• Task directions: Skip the pictures. Output only the lines below starting at the line with "Daniel Tiger's Neighborhood" and ending at the line with "RaspberryPI with a serial display", both ends included, exactly as they are.

*** Recorded information ***

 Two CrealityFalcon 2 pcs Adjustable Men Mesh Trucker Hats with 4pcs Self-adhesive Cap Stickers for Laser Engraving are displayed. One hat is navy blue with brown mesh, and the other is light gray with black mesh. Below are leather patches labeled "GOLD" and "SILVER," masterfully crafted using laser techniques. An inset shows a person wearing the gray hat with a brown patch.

*** End of Recorded information ***
*** Recorded information ***

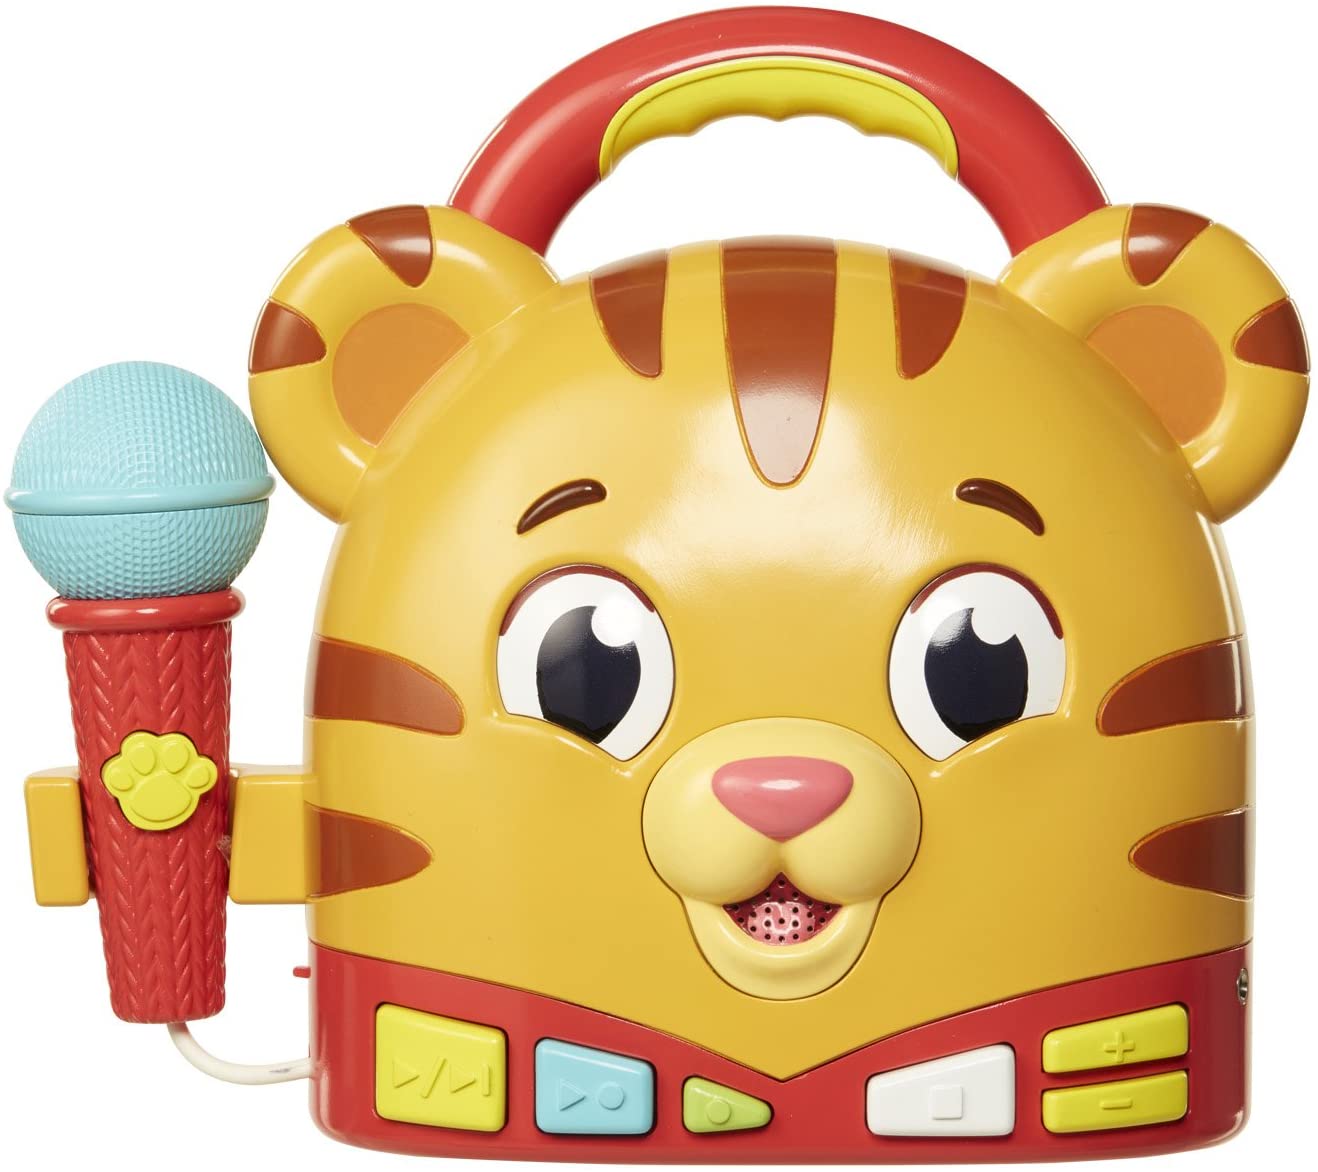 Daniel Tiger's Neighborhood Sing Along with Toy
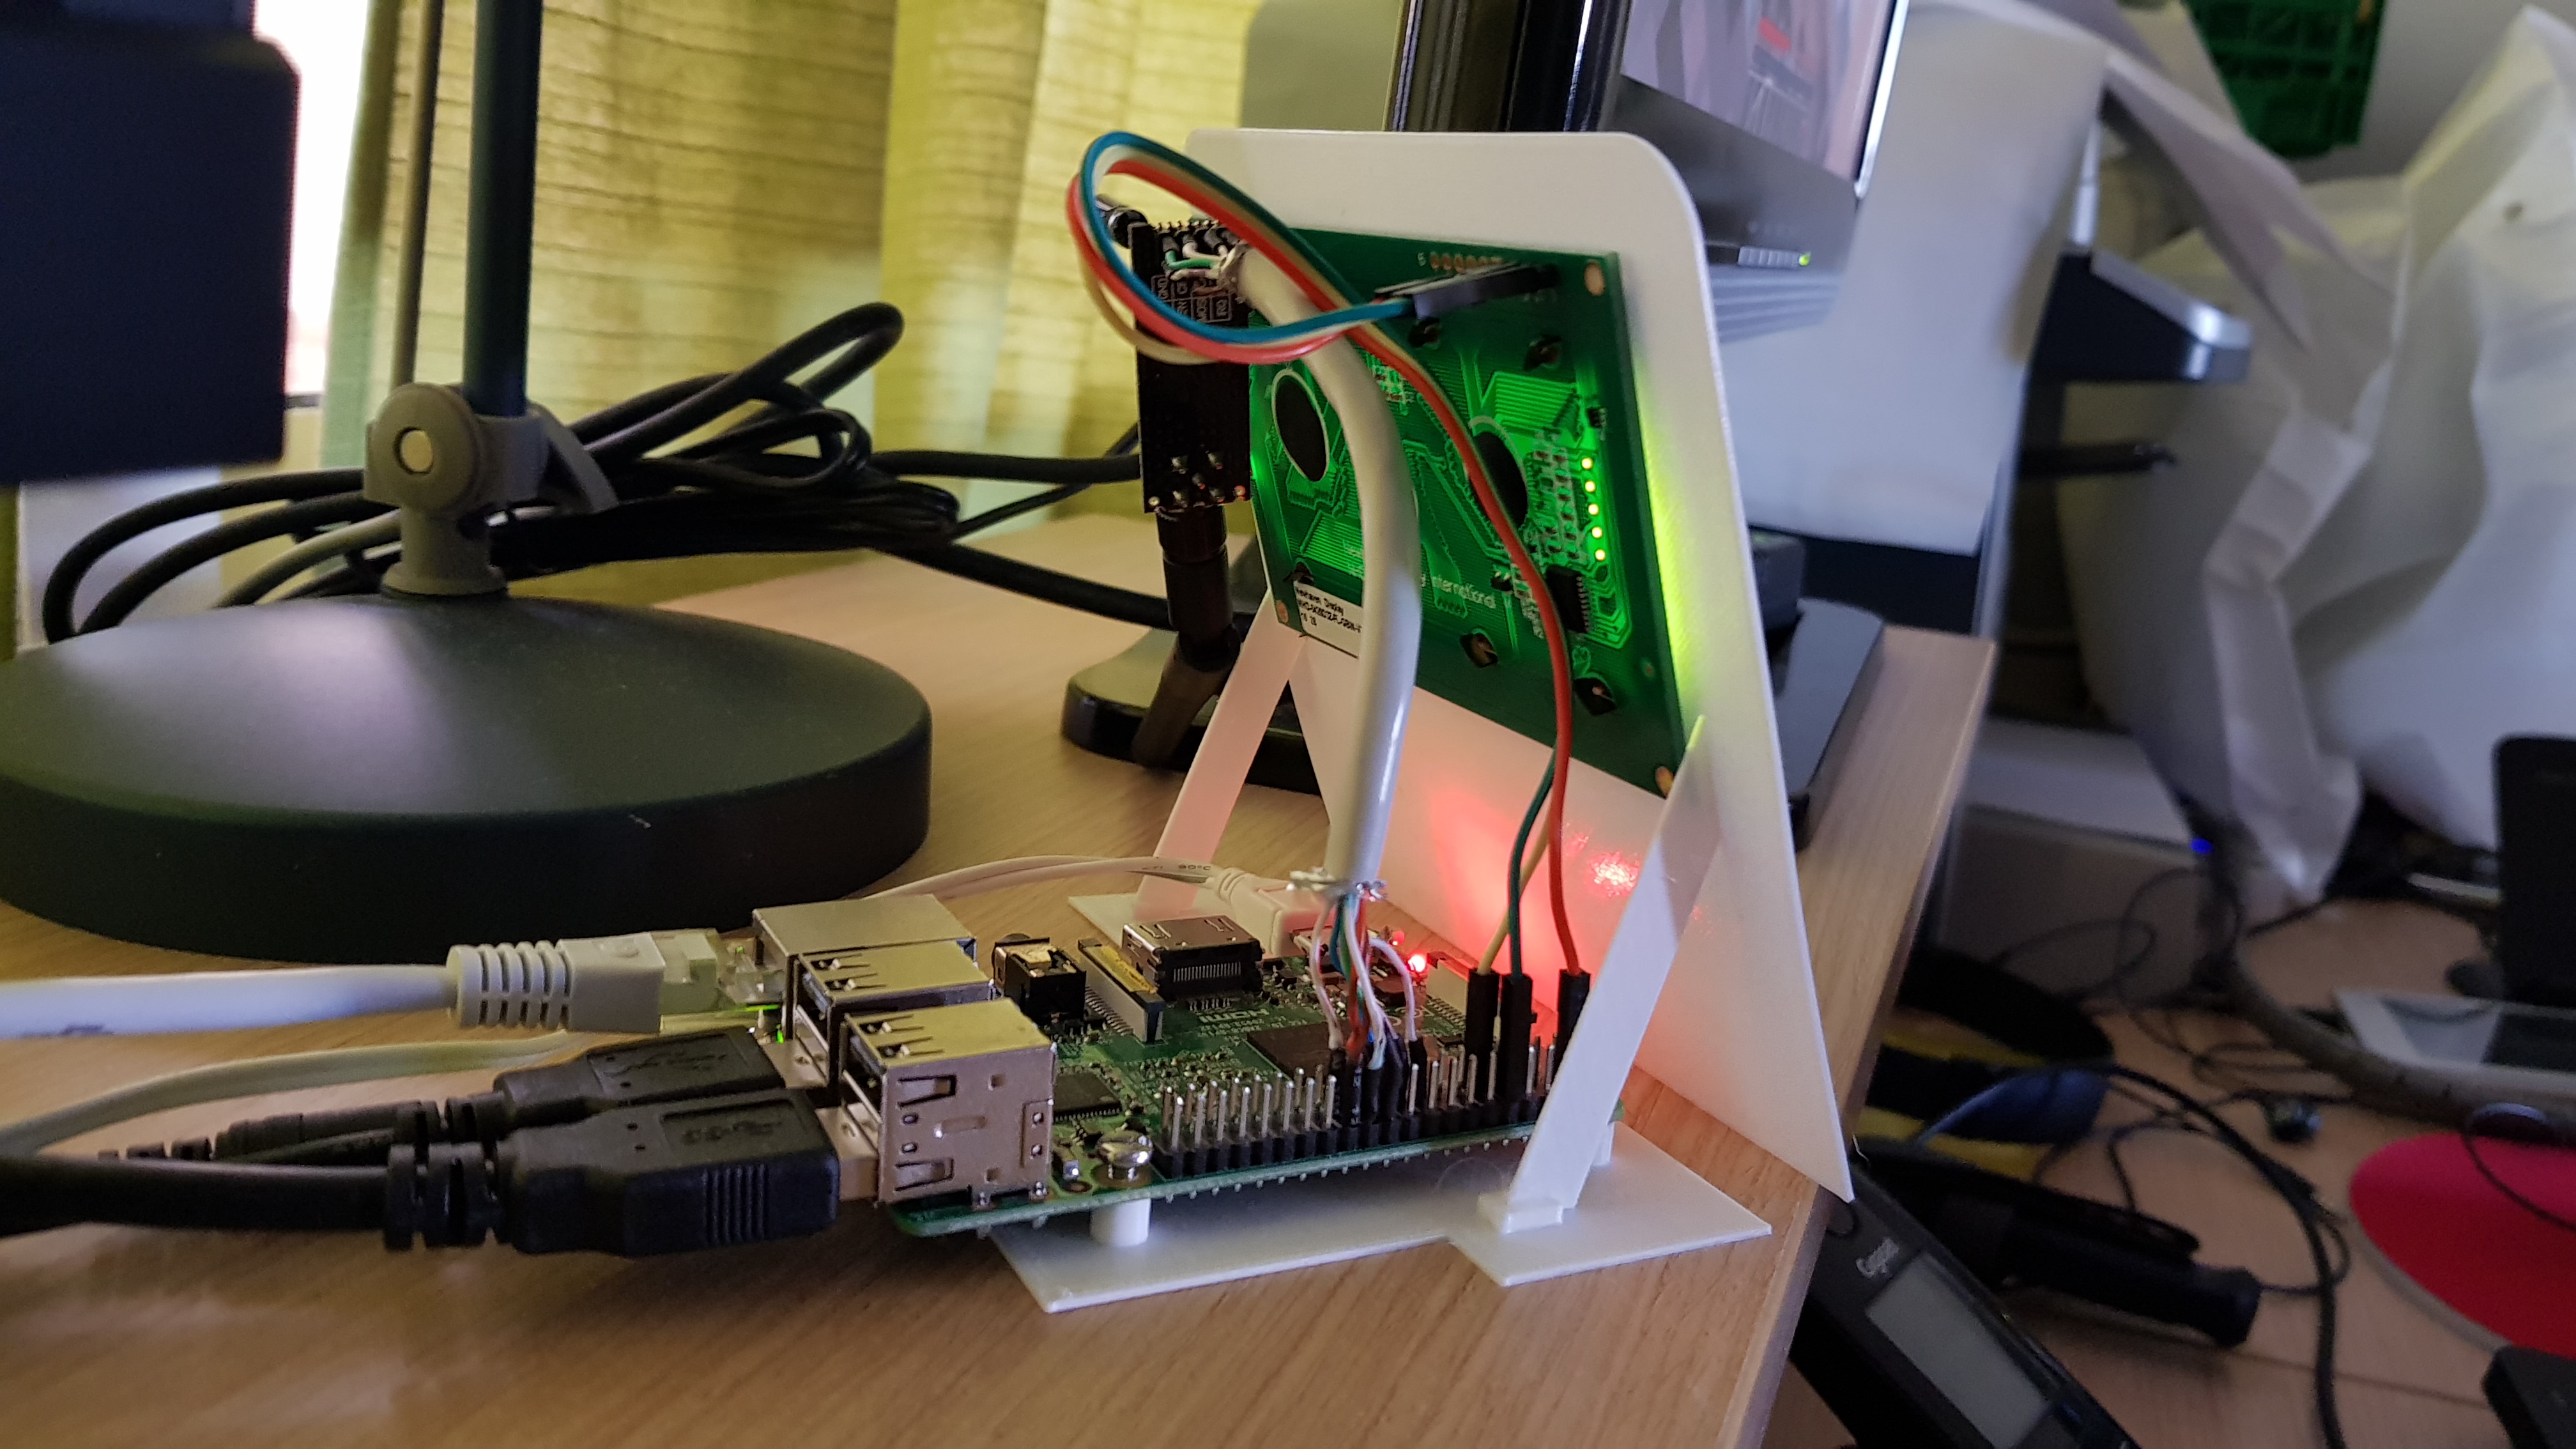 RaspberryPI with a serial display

*** End of Recorded information ***
*** Recorded information ***

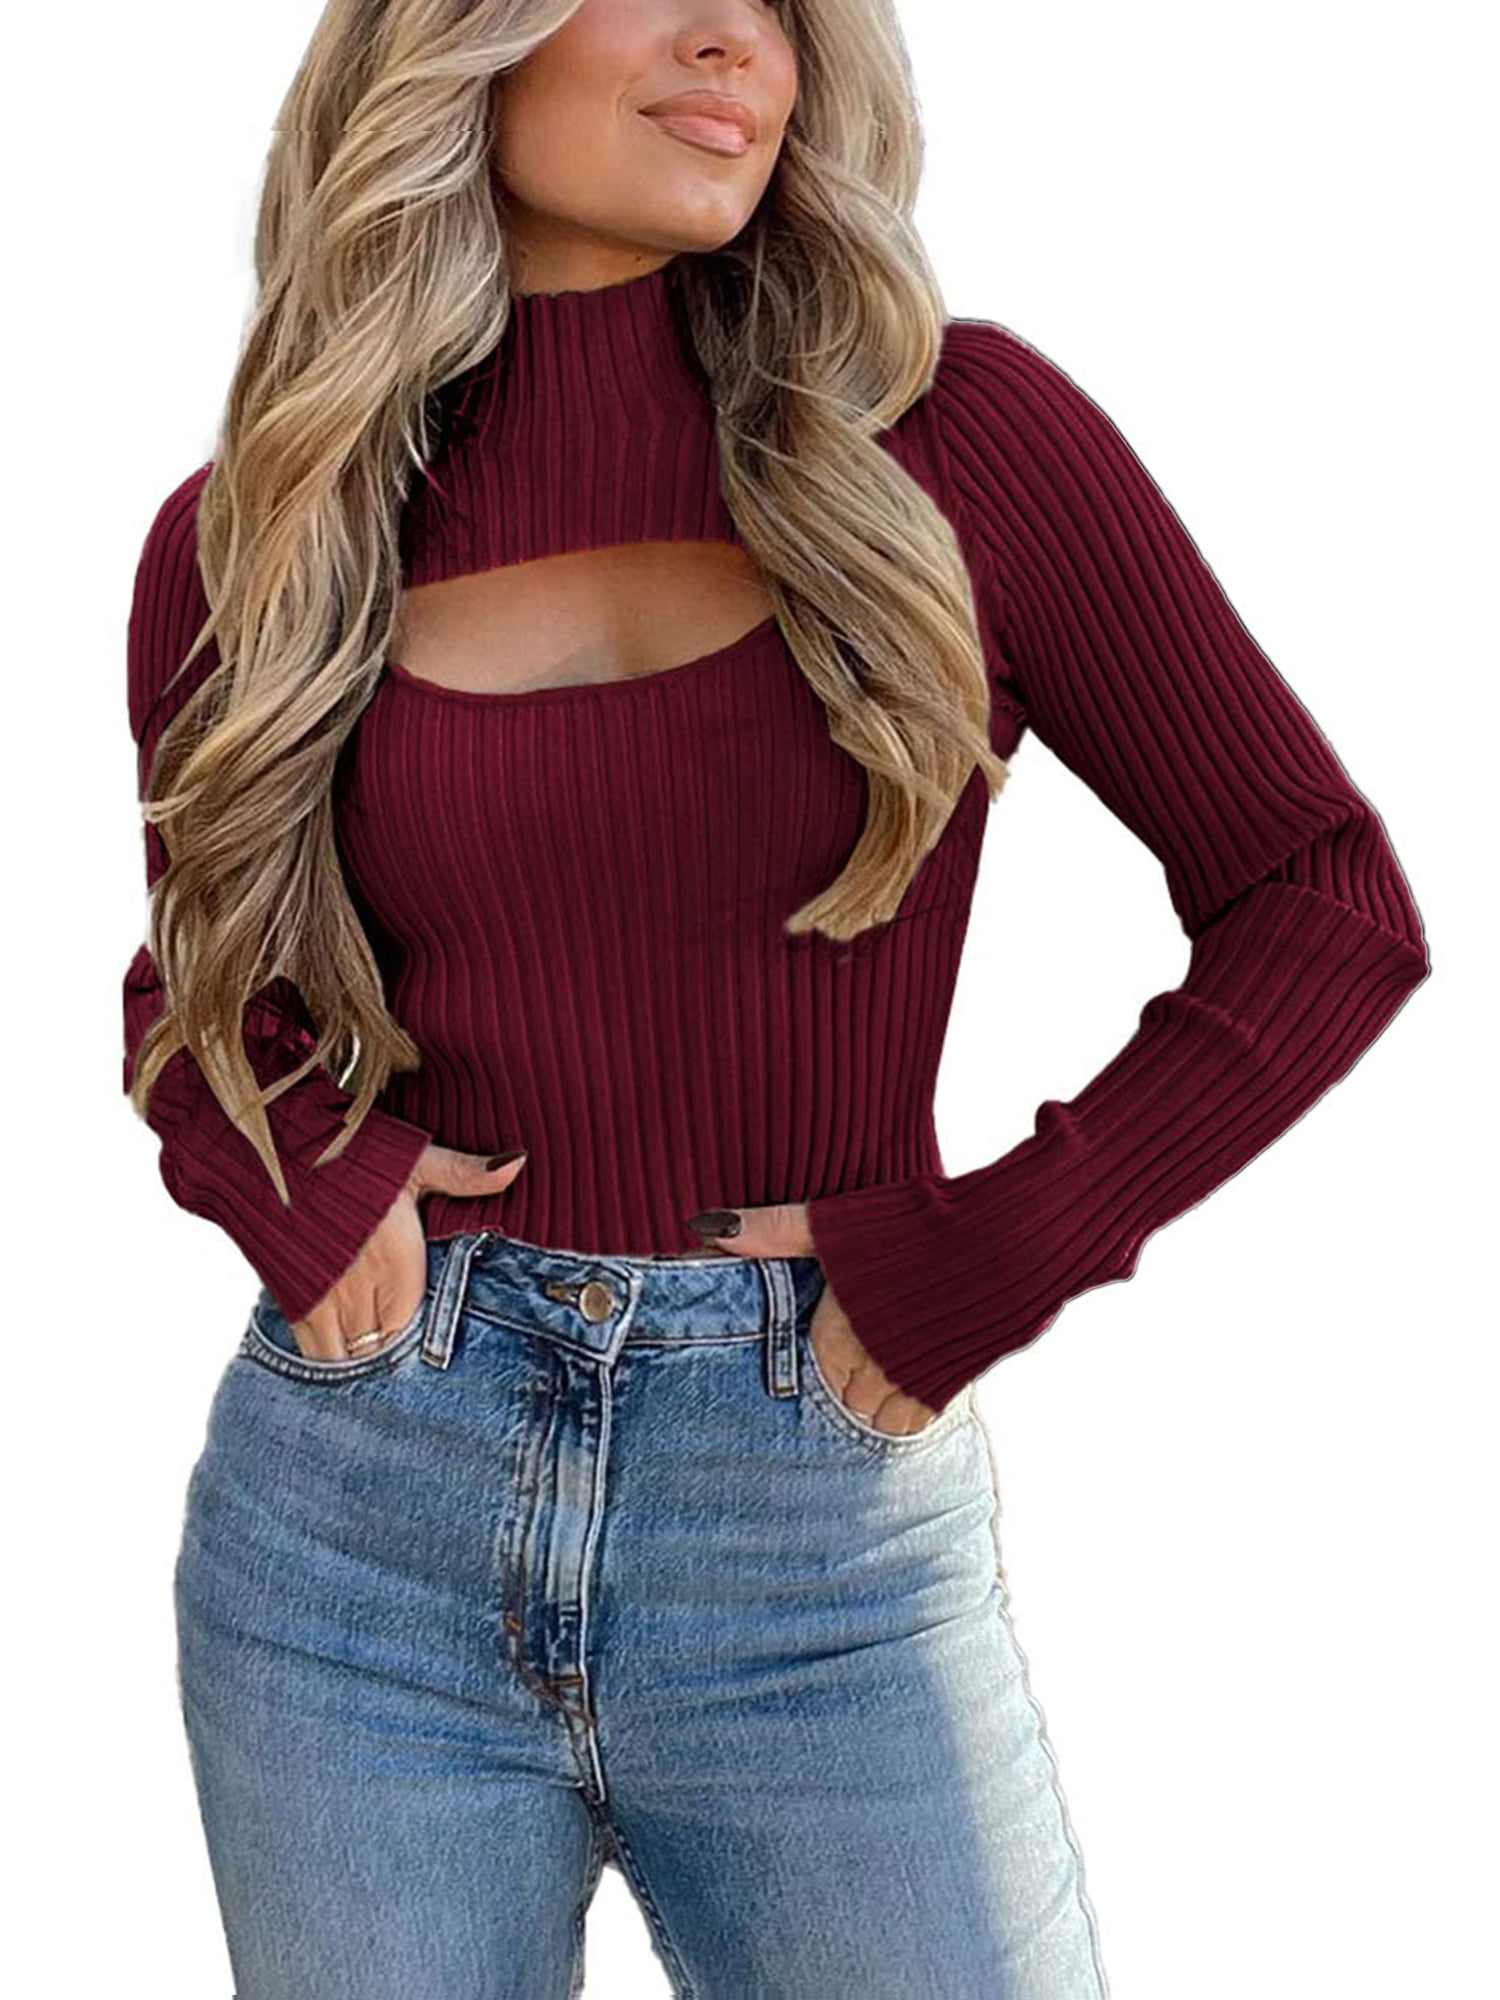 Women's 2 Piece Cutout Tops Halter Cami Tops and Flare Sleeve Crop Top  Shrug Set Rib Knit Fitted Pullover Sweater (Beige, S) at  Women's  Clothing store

*** End of Recorded information ***

• Your response:
 Daniel Tiger's Neighborhood Sing Along with Toy
 RaspberryPI with a serial display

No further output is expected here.